[Saved entries]
#####

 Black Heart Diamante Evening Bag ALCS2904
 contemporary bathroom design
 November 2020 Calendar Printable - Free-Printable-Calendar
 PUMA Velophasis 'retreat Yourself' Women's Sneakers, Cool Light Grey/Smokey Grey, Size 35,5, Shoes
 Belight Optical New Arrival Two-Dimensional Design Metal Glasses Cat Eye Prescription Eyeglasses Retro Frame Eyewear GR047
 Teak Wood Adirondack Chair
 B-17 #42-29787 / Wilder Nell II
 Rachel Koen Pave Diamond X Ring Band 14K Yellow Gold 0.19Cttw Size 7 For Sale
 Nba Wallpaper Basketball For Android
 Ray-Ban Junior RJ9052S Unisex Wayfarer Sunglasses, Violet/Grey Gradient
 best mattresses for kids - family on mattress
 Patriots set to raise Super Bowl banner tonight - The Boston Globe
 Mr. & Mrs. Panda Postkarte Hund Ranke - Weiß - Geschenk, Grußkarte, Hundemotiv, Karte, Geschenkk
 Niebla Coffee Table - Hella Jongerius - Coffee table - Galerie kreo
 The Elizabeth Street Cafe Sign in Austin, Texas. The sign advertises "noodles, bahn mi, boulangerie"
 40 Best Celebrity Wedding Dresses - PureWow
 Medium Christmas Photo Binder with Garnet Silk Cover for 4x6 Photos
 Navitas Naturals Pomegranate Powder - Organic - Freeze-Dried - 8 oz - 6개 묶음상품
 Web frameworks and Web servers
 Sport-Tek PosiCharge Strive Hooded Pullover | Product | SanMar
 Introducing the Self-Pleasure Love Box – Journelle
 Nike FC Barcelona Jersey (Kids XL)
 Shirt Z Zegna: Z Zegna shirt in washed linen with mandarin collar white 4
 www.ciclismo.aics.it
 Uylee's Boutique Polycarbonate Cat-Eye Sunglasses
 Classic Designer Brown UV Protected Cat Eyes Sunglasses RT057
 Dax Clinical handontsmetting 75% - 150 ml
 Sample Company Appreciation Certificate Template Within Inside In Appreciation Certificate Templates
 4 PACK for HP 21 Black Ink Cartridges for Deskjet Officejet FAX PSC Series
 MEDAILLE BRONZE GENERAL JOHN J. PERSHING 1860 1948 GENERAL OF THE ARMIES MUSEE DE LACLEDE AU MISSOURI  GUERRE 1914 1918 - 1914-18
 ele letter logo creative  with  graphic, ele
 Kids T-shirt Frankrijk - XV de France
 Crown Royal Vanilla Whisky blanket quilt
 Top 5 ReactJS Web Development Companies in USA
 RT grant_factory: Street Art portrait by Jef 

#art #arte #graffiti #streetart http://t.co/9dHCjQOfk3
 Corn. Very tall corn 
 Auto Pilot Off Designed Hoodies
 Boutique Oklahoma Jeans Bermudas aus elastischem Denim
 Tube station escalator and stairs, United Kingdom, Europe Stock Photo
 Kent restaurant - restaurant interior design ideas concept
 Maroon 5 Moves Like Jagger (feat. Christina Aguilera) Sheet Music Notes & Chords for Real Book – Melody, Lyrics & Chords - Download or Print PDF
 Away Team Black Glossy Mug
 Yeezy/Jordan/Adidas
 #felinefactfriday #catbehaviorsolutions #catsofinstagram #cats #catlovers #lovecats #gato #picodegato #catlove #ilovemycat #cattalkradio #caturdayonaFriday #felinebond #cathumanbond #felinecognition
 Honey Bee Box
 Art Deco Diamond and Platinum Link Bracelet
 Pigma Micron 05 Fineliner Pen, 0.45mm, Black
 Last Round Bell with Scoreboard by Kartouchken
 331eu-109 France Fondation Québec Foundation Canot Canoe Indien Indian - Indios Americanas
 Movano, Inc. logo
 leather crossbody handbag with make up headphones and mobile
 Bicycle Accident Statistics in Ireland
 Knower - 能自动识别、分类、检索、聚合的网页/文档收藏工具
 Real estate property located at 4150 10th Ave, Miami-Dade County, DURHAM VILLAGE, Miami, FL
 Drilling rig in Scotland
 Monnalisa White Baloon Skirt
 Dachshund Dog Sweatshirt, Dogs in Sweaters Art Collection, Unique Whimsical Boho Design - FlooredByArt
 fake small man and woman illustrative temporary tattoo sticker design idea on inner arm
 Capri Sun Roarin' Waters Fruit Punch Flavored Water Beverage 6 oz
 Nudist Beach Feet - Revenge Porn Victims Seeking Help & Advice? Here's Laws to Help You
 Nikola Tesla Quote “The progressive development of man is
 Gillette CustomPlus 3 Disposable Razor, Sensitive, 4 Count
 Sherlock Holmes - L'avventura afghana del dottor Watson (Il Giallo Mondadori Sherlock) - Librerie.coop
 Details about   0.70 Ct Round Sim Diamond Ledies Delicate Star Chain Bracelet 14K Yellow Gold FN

#####

• **Required action**
Set down exactly, and only, the lines of the data above from the line containing "Bicycle Accident Statistics in Ireland" through the last one.

• **Solution**
 Bicycle Accident Statistics in Ireland
 Knower - 能自动识别、分类、检索、聚合的网页/文档收藏工具
 Real estate property located at 4150 10th Ave, Miami-Dade County, DURHAM VILLAGE, Miami, FL
 Drilling rig in Scotland
 Monnalisa White Baloon Skirt
 Dachshund Dog Sweatshirt, Dogs in Sweaters Art Collection, Unique Whimsical Boho Design - FlooredByArt
 fake small man and woman illustrative temporary tattoo sticker design idea on inner arm
 Capri Sun Roarin' Waters Fruit Punch Flavored Water Beverage 6 oz
 Nudist Beach Feet - Revenge Porn Victims Seeking Help & Advice? Here's Laws to Help You
 Nikola Tesla Quote “The progressive development of man is
 Gillette CustomPlus 3 Disposable Razor, Sensitive, 4 Count
 Sherlock Holmes - L'avventura afghana del dottor Watson (Il Giallo Mondadori Sherlock) - Librerie.coop
 Details about   0.70 Ct Round Sim Diamond Ledies Delicate Star Chain Bracelet 14K Yellow Gold FN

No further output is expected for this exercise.